A Chinese scientist, He Jiankui, was first out of the gate with claims of having altered the genomes of two children born in late 2018 with the intent of making them immune to HIV. The scientific community across the globe was shocked and angered. He was subsequently convicted of criminal behavior, not of gene editing per se, but of violations of human subject regulations.
What now? An international group of senior scholars recently called for a global moratorium on any attempts to create children through gene editing at least until questions of safety could be addressed. A prior report by the US National Academy of Medicine described a number of significant hurdles that should be crossed before any attempts to create a baby. Yet the notion of a moratorium implicitly accepts a position that, once certain criteria are addressed, heritable genome editing could be ethically appropriate. The Asilomar Conference on recombinant DNA in 1975 is a famous example of scientists voluntarily establishing a moratorium on recombinant DNA technology until clear guidelines were established. But with recombinant DNA, there was no question of the enormous potential benefits of the technology. The challenge was to address legitimate concerns about biosafety so that the benefits could be pursued with manageable risk.
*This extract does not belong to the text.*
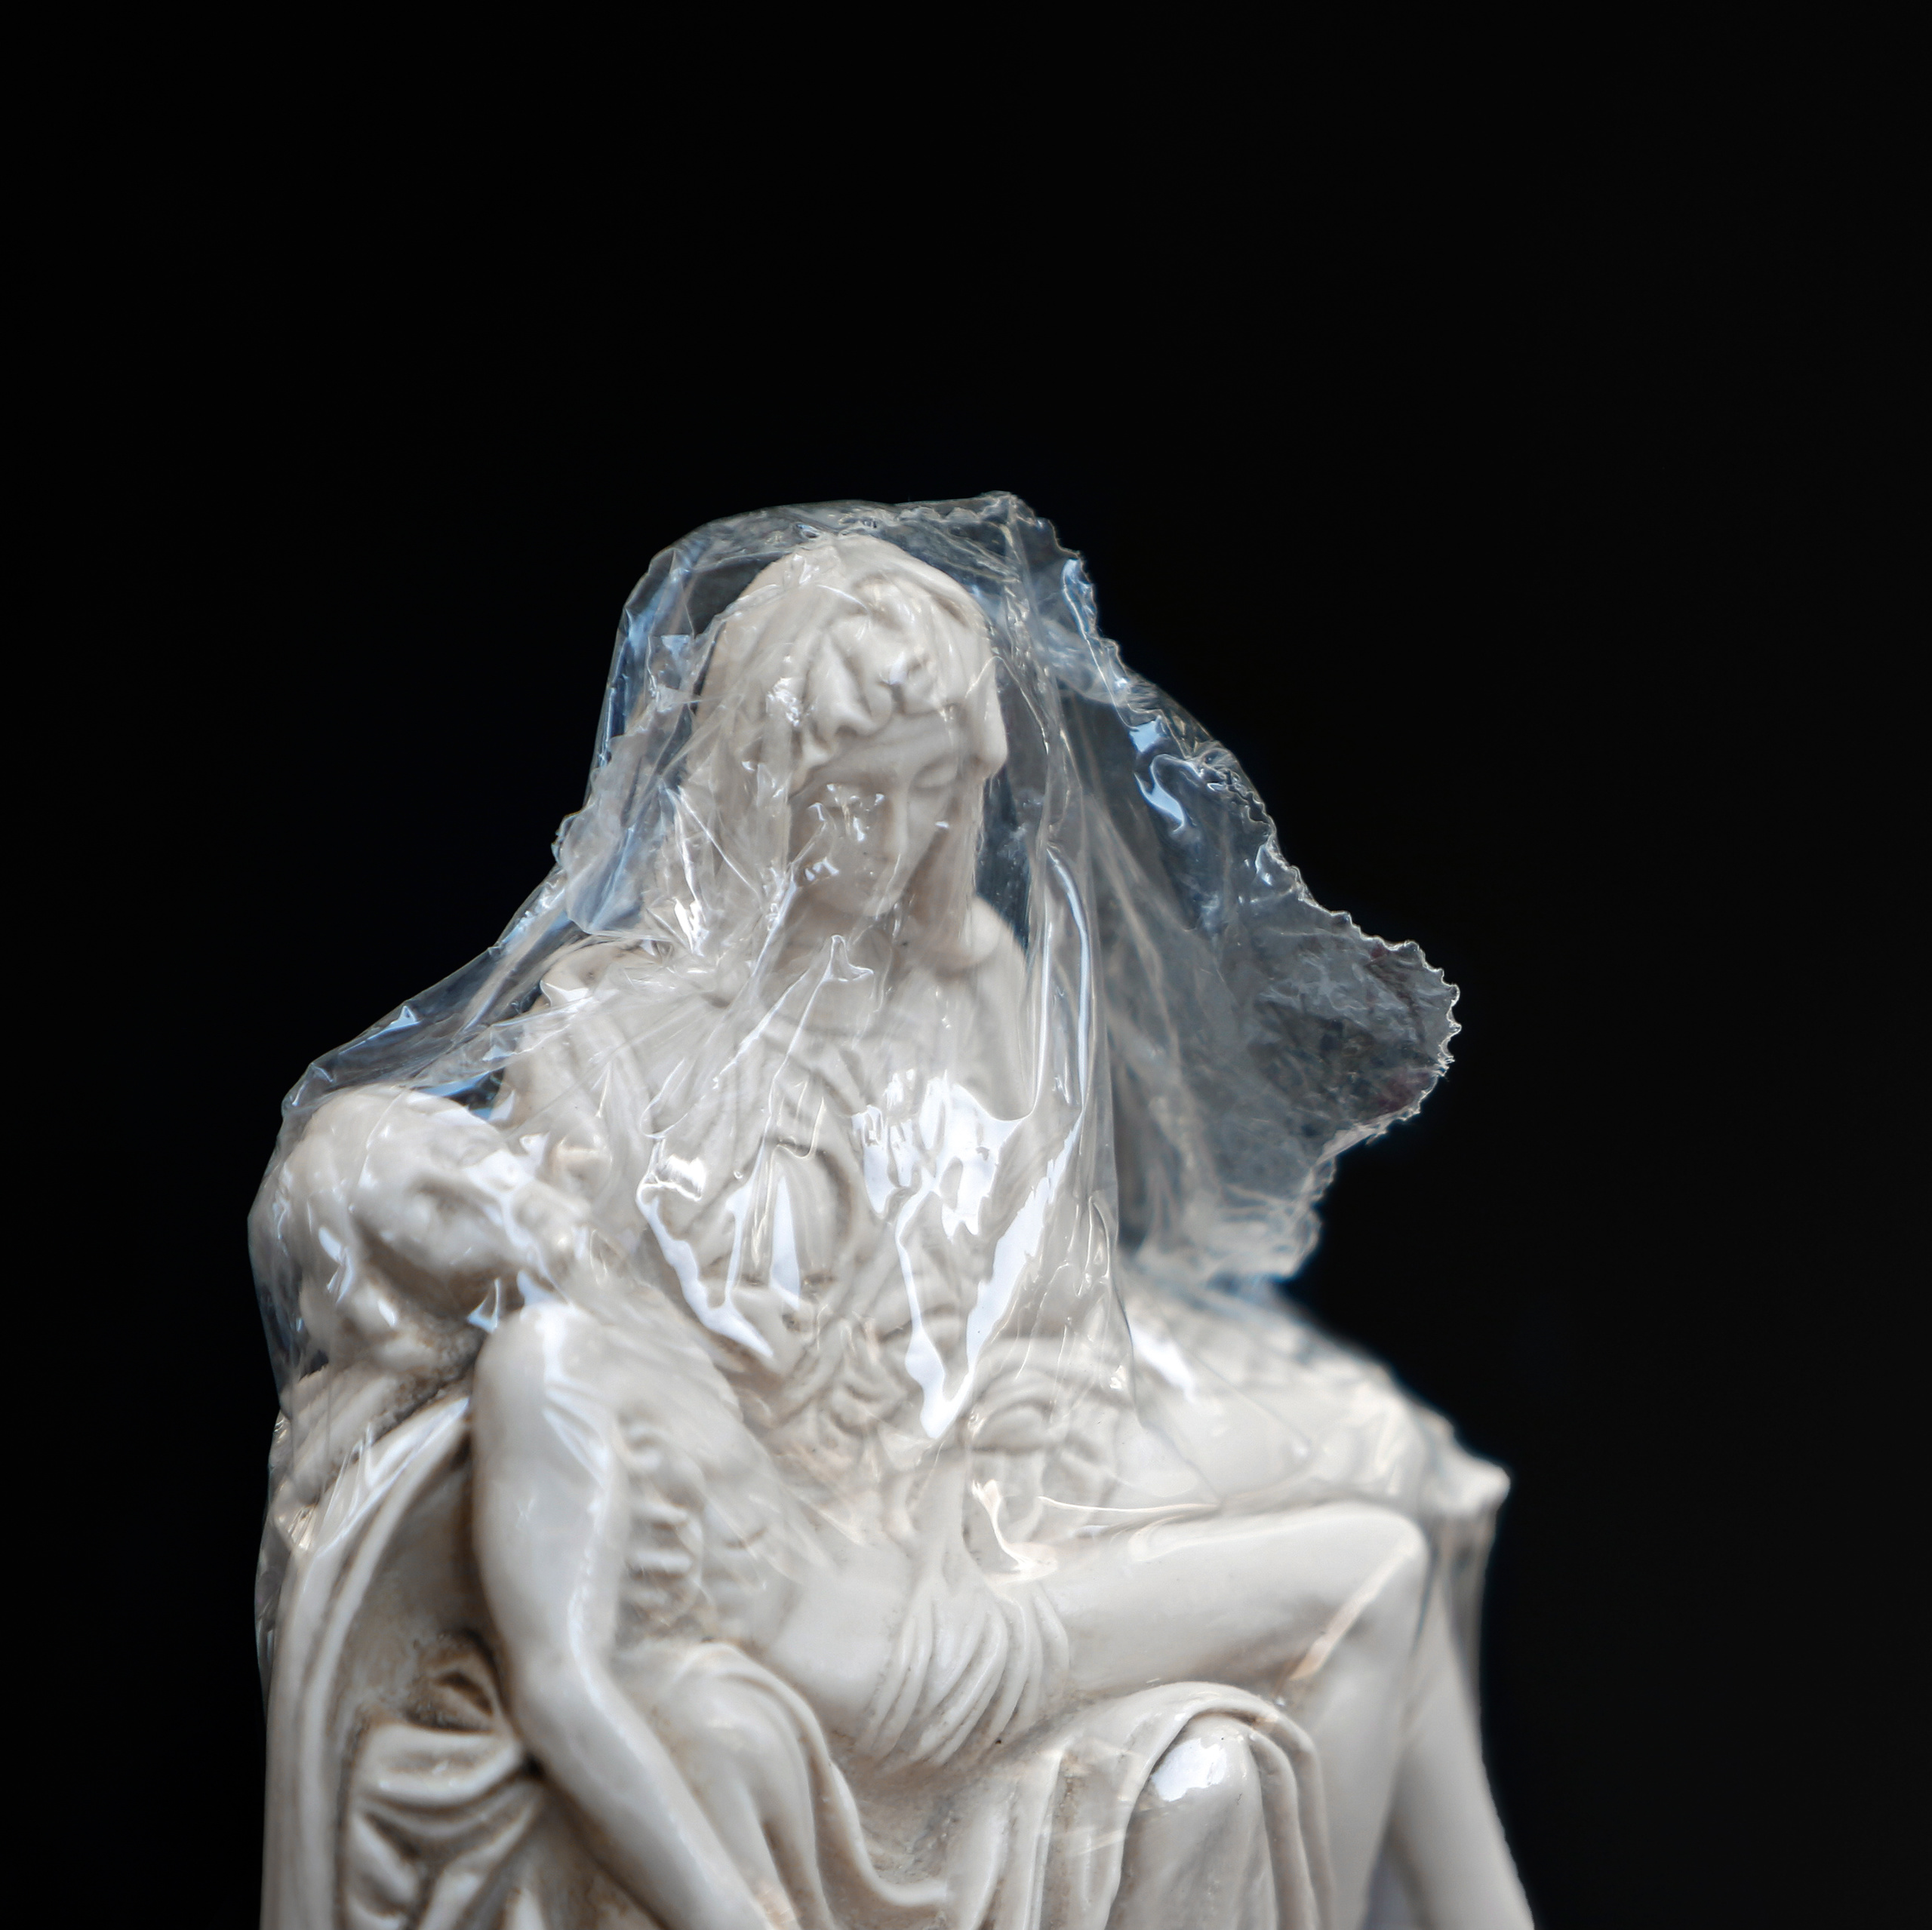 Parham Didehvar, Untitled, 2020
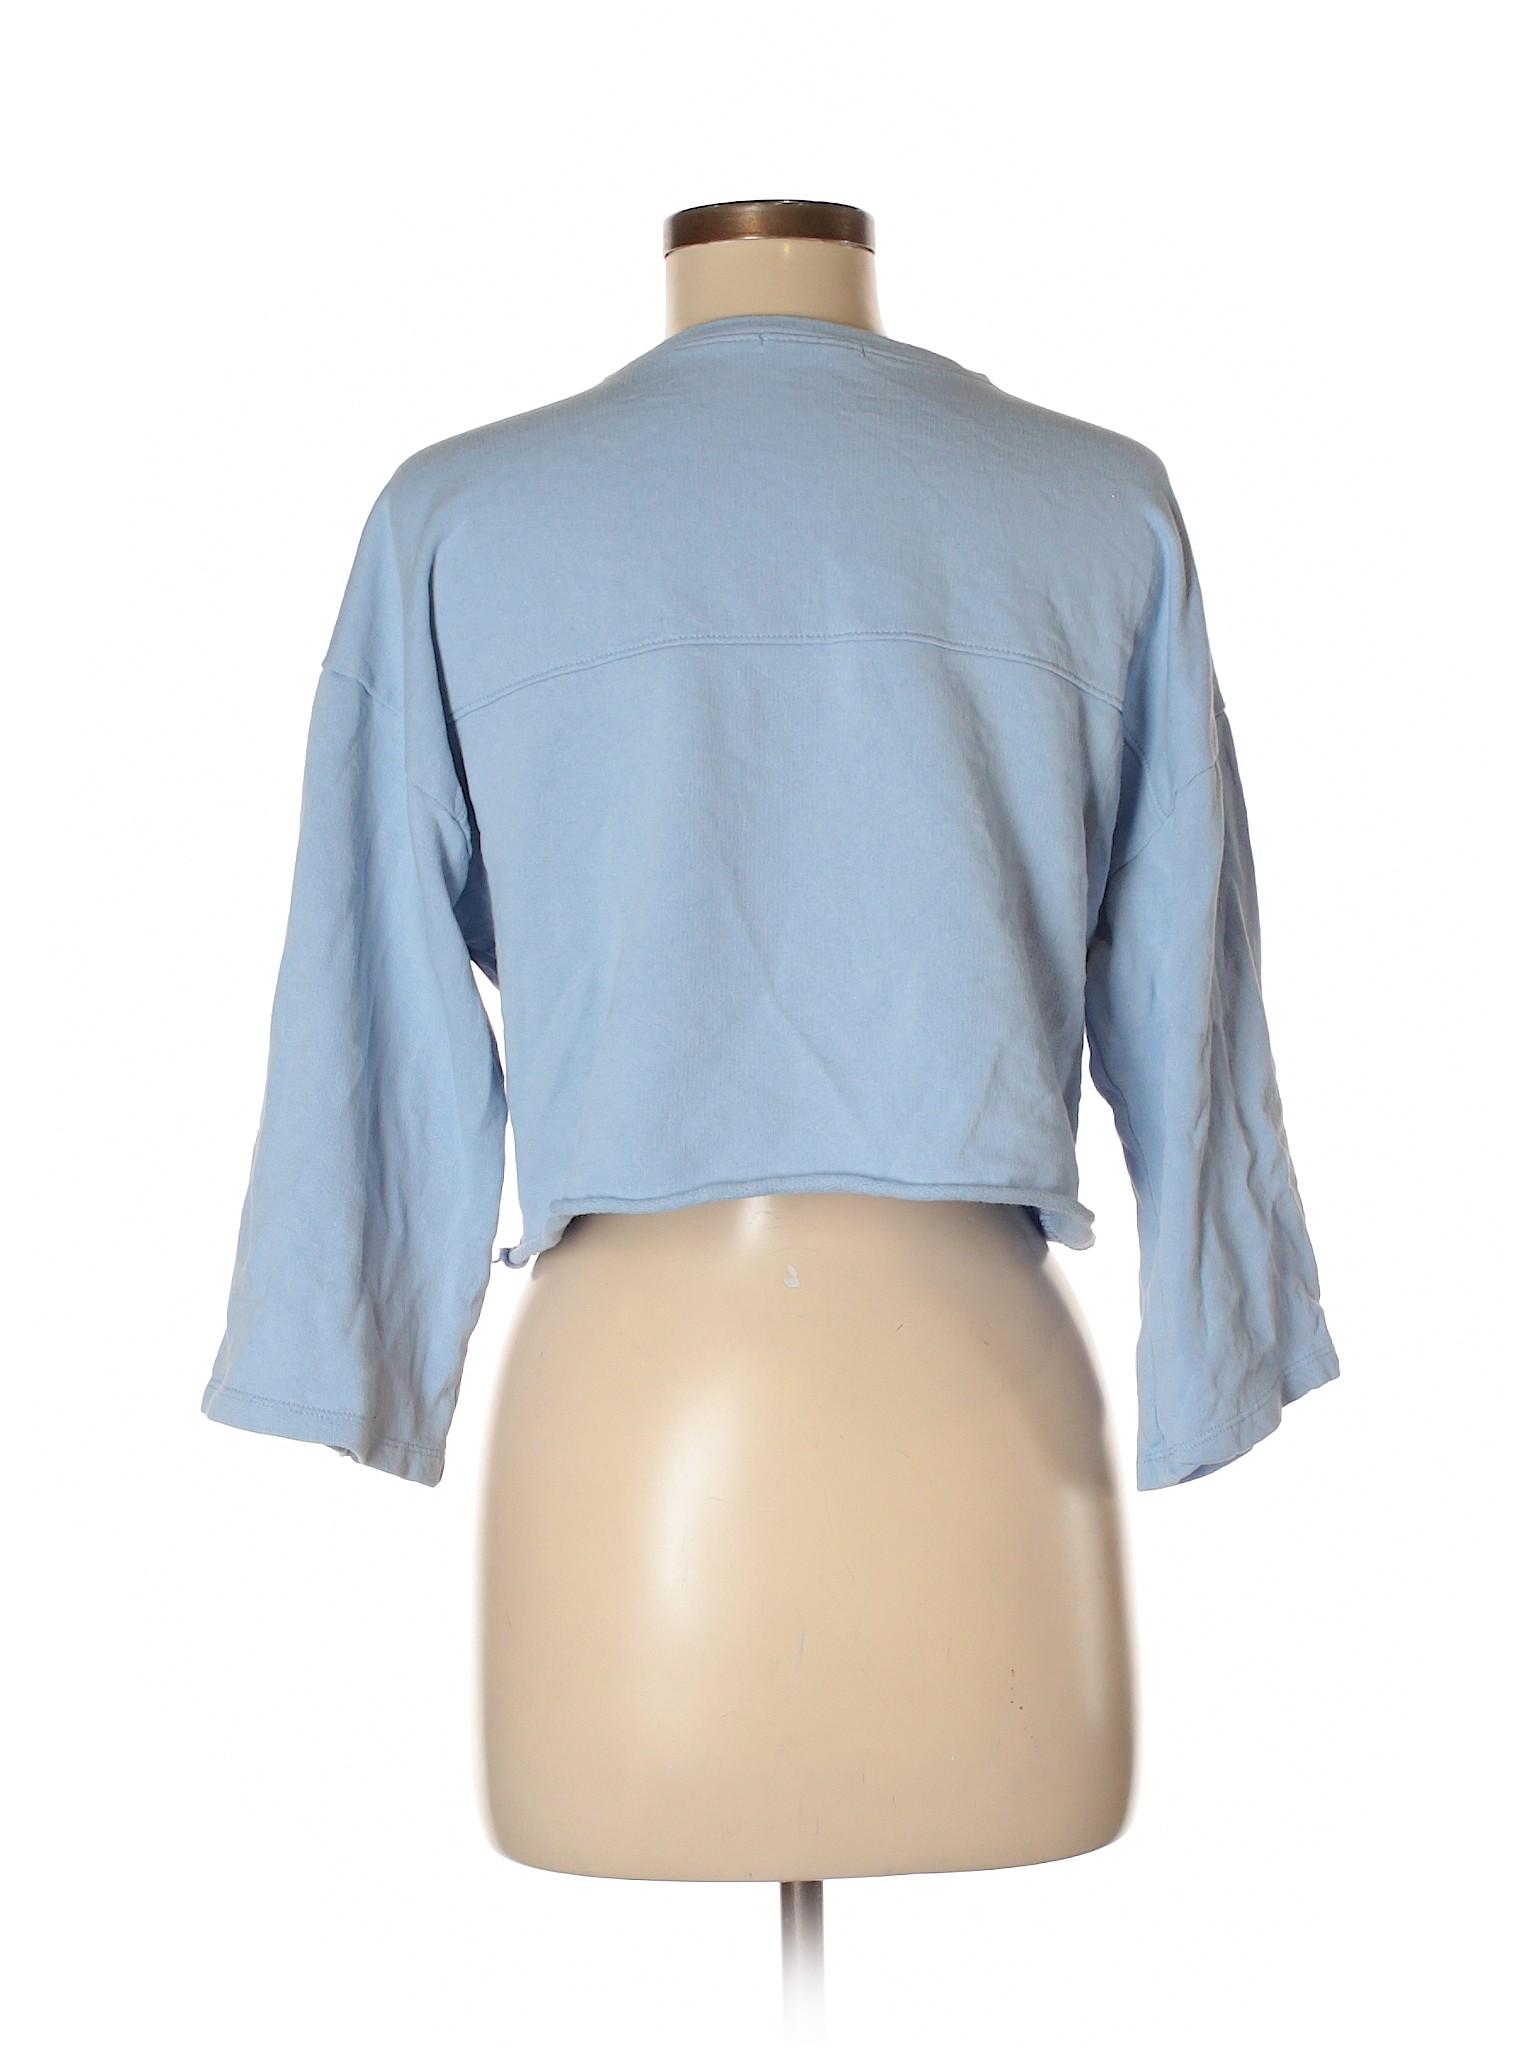 Zara Sweater Boutique Boutique Pullover winter winter XnStRxqq

In contrast, heritable genome editing has virtually no useful or justifiable uses that cannot be achieved through existing technologies. Couples at risk of bearing a child with a genetic condition typically will be able to produce unaffected embryos that can be identified through preimplantation testing. Why try to edit the genome of an “affected” embryo when an unaffected embryo can be transferred through existing approaches? The safety of children born following genome editing is a central concern. Yet how will adequate safety be assessed and established without research involving hundreds if not thousands of women as egg donors? These women must be recruited as carriers for conditions deemed sufficiently severe to warrant the risks to women and the edited babies who will ostensibly benefit in the future. Done right, this research agenda would be a monumental undertaking from the perspectives of risk/benefit to human subjects, regulatory oversight, manpower and cost considerations.
But even more concerning would be the fostering of attempts to enhance children through heritable gene editing. Once some degree of safety was established with therapeutic/preventative applications, the door would swing wide for services by scrupulous and unscrupulous providers alike to offer “designer” children. Of course, complex traits that might be tempting to enhance, like intelligence, athletic ability, personality traits, etc. are due to complex and very poorly understood interactions between thousands of genes and environmental and random factors. Meaningful genetic enhancements of such traits may never be feasible but this would not prevent the marketing of interventions that purport to achieve such results. Implicit in this argument, but beyond the scope of this note, is a conclusion that heritable genetic enhancements of children raises serious ethical concerns including physical and psychological risks and social justice.
The justification for a ban on this application for this technology is threefold: the benefits are remarkably limited, the achievement of adequate safety would require a large allocation of a whole host of social resources, and the risks of misuse of the technology are profound. In contrast, the benefits of somatic gene editing are extremely exciting and should be pursued vigorously. The right path forward at this crossroad is one that truly enhances the health and welfare of children and families.